A distanza di pochi mesi dal successo del romanzo Gli angeli non danno appuntamenti, il vicentino Davide Sacco ritorna in libreria con un nuovo libro, Contromano a Vicenza - Don Chisciotte nella città delle meraviglie (Berica Editrice), che non segue le orme del romanzo ma cambia genere proponendo una serie di spunti tratti dalle lettere indirizzate al quotidiano locale. I temi del libro, presentato alla libreria Galla di Vicenza qualche settimana fa, spaziano in tutto lo "scibile" dell'attualità, con ironia ma anche con un certo distacco da certe abitudini, usi e costumi del vivere odierno. Può il povero correntista aver voglia di rapinare per par condicio la propria banca rea di non concedergli quanto pattuito? Va ripreso l’addetto alla raccolta dei rifiuti che getta i pacchetti di sigarette in strada? Ha problemi di vista il postino che lascia la corrispondenza di mezzo quartiere nella vostra cassetta delle lettere? Conversare a suon di inglesismi tra veneti è meritevole di test con etilometro? Se uno passa al tu dopo dieci secondi che lo conosci, sei autorizzato a denunciarlo per maleducazione? Su tutto valgano allora le "istruzioni per l’uso" che lo stesso autore inserisce ad inizio libro e in cui afferma che, per aver certezza della veridicità delle notizie, ha cominciato a scriversele da solo.

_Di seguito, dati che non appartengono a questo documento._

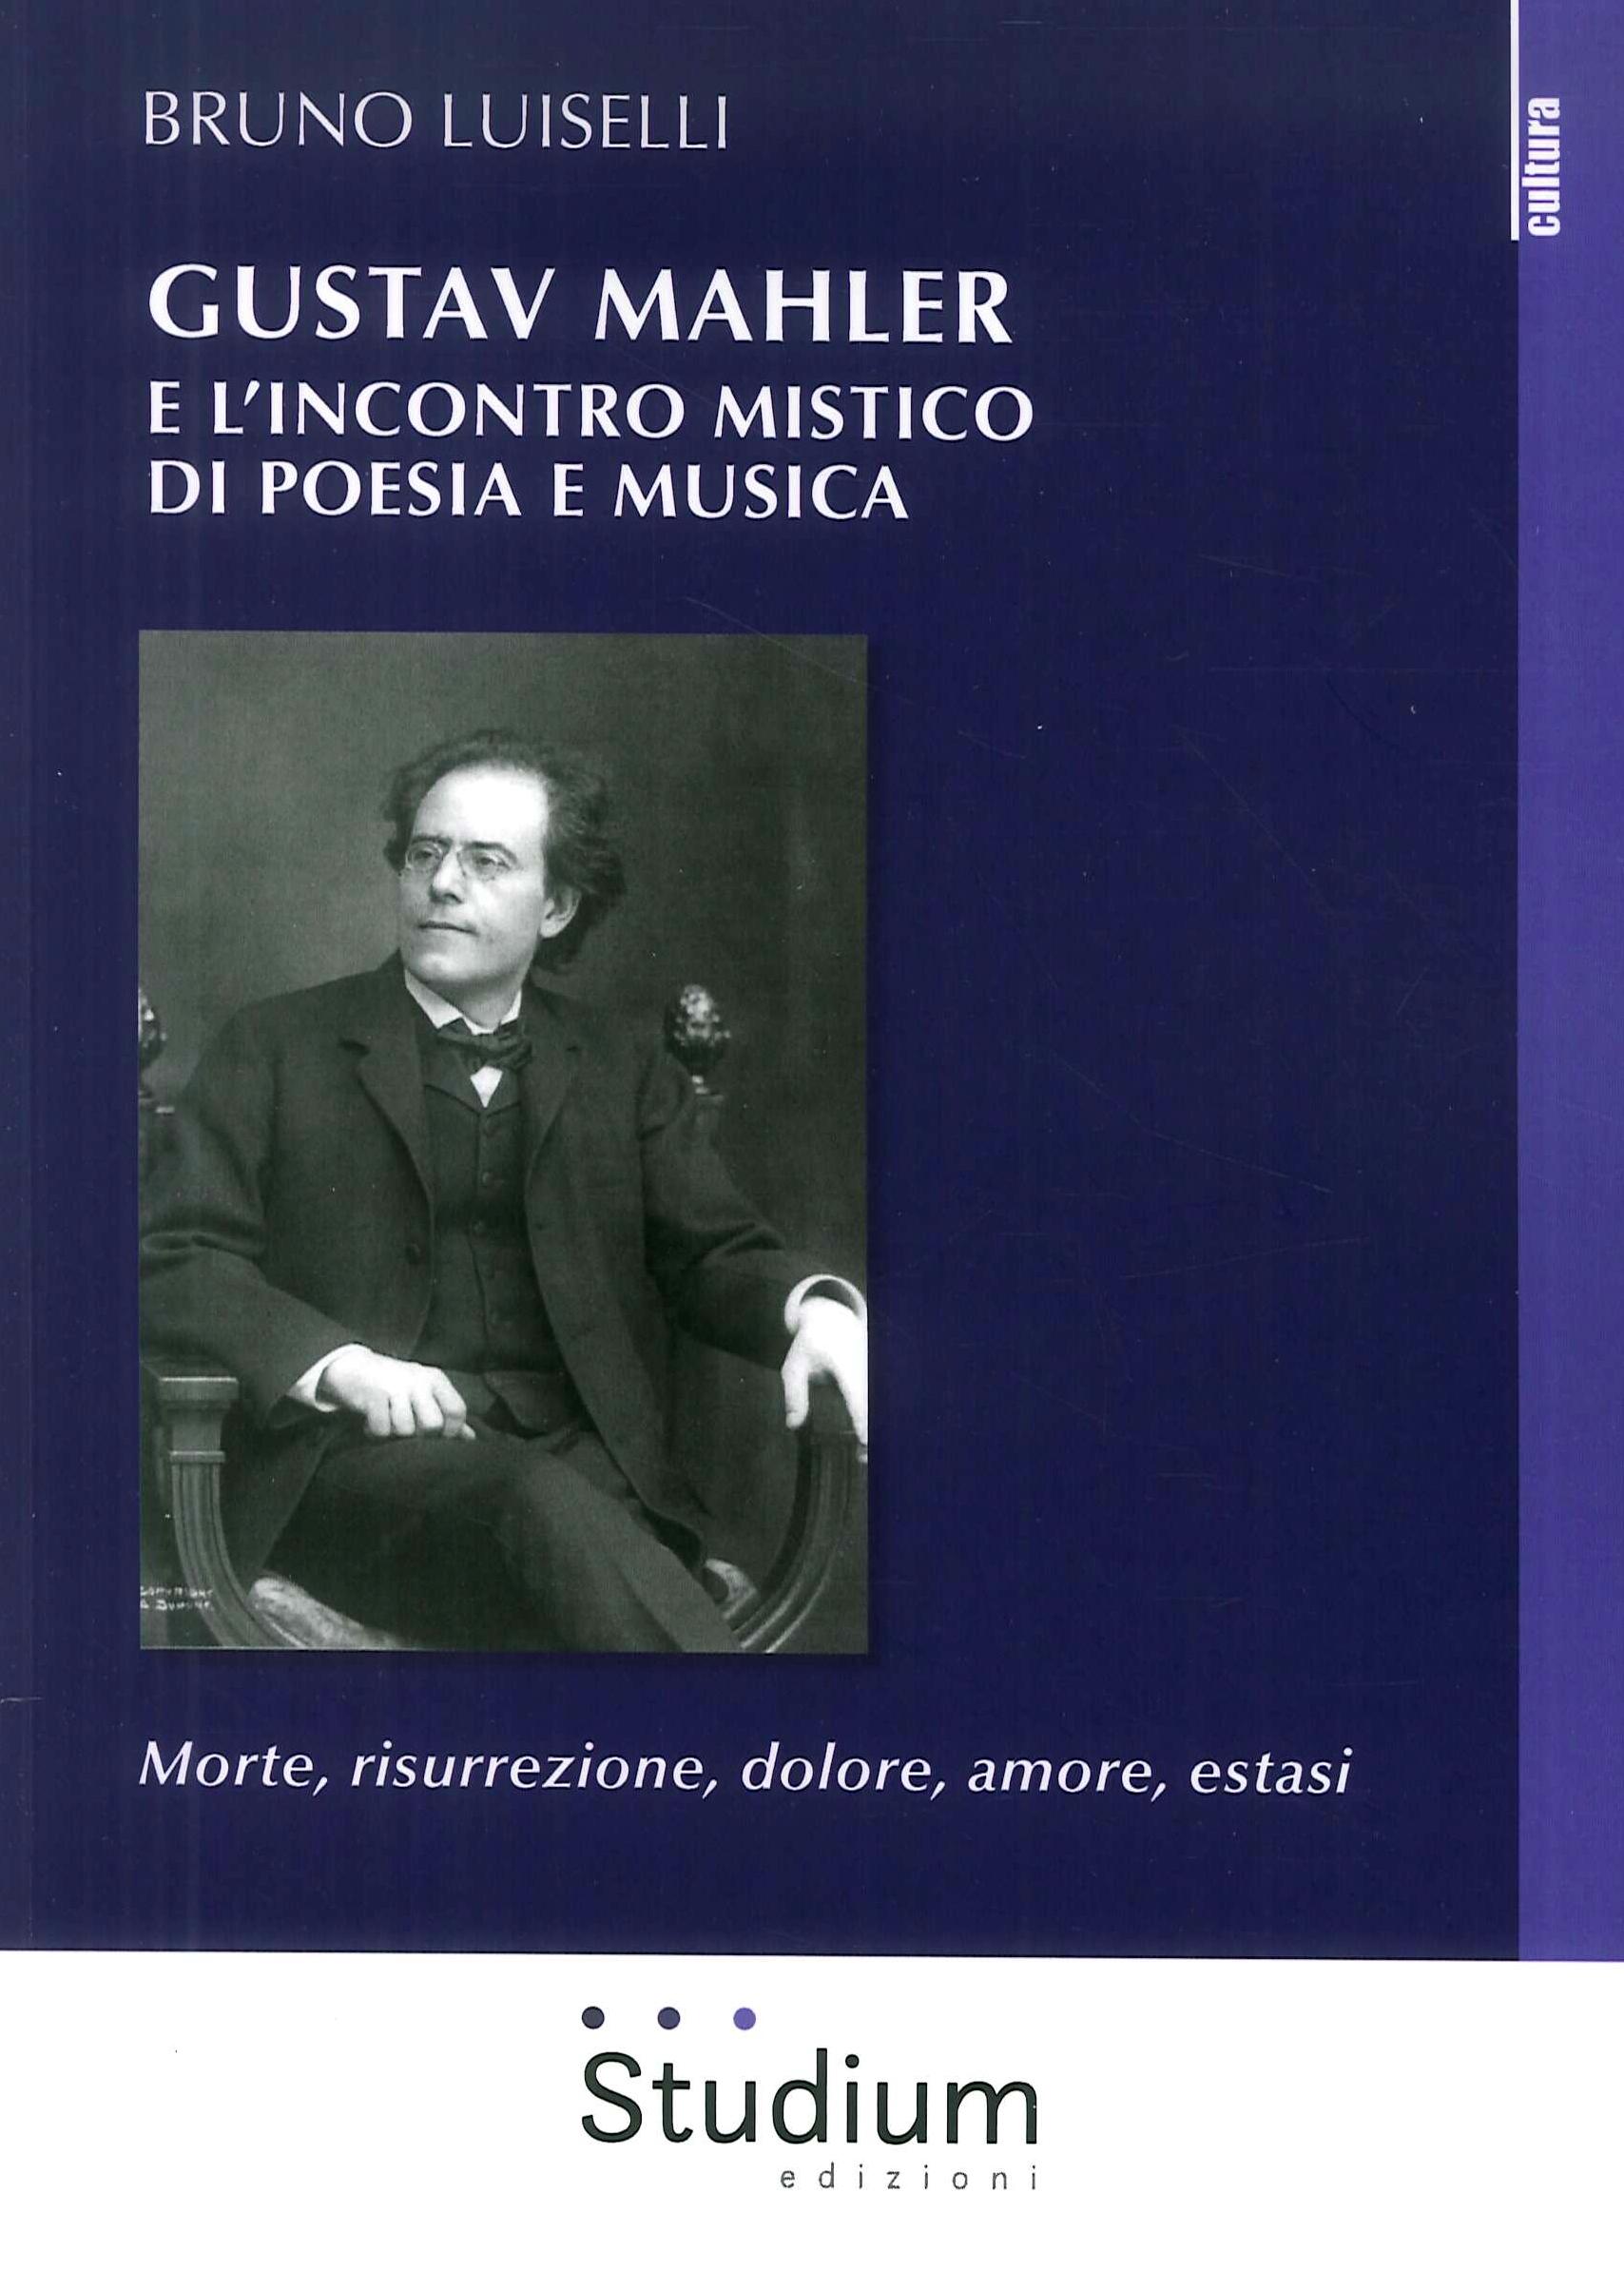 Gustav Mahler e l'incontro mistico di poesia e musica. Morte, risurrezione, dolore, amore, estasi

“Contromano Vicenza” (Art. corrente, Pag. 1, Foto generica)Questo libro - secondo Sacco - raccoglie una serie di riflessioni e tenta d’offrire qualche spunto d’interpretazione alternativa di una realtà che a livello non solo locale ci troviamo inevitabilmente proposta (o imposta?) attraverso il filtro deformante della lente d’ingrandimento o di rimpicciolimento con cui le news ci vengono dispensate dai padroni del vapore di turno, ossia giornali, televisioni e social vari. Come diceva quell’illustre penna di Fucecchio quando aveva provato a mettersi in proprio con un quotidiano a sua detta indipendente: “Questo è un giornale d’opinione: la mia.” Ho tentato di andare un po’ oltre, azzardandomi ad osservare senza troppi pregiudizi il piccolo mondo dove il mio sguardo arriva ad allungarsi e lasciando che la realtà mi si offrisse per quello che era, consentendole in qualche misura di raccontarsi da sola attraverso la tastiera del cellulare, che ho scoperto alleato prezioso al momento d’immortalare istanti di vite autentiche: una foto, qualche riga digitata sul display ed archiviata nel cervellone elettronico del signor Samsung o di mister Apple, e via verso nuove avventure, nell’attesa di pubblicare. Ad onor del vero una parte di questi bozzetti di narrativa spicciola è già transitata negli anni sui fogli del principale quotidiano vicentino, che con ingegnosa astuzia si è inventato la diabolica “pagina dei lettori”, ricettacolo di pensieri e parole spesso davvero in libertà. Così, valutando che in fondo ho messo insieme alcune meditazioni tra il terribilmente serio ed il faceto, ho virato su un’impostazione più intuibile e di comoda fruibilità: ecco quindi le tre macrofamiglie, rispettivamente battezzate Semiserie, Semi e Serie. Nella prima sono confluite le pagine in cui l’importanza della notizia si accompagna alla leggerezza anche ironica del narrare. La terza riunisce invece pensieri che aspirano ad una qualche profondità, mentre la seconda può essere a piacere pronunciata Sémi, ossia con accento acuto, se leggendo ci si sente a metà del guado, indecisi tra l’enfatizzare la rilevanza del messaggio o preferire l’allegria della forma, oppure Sèmi (alla veneta e dunque con accento grave) nell’ipotesi i contenuti vengano giudicati di spessore meno dignitoso.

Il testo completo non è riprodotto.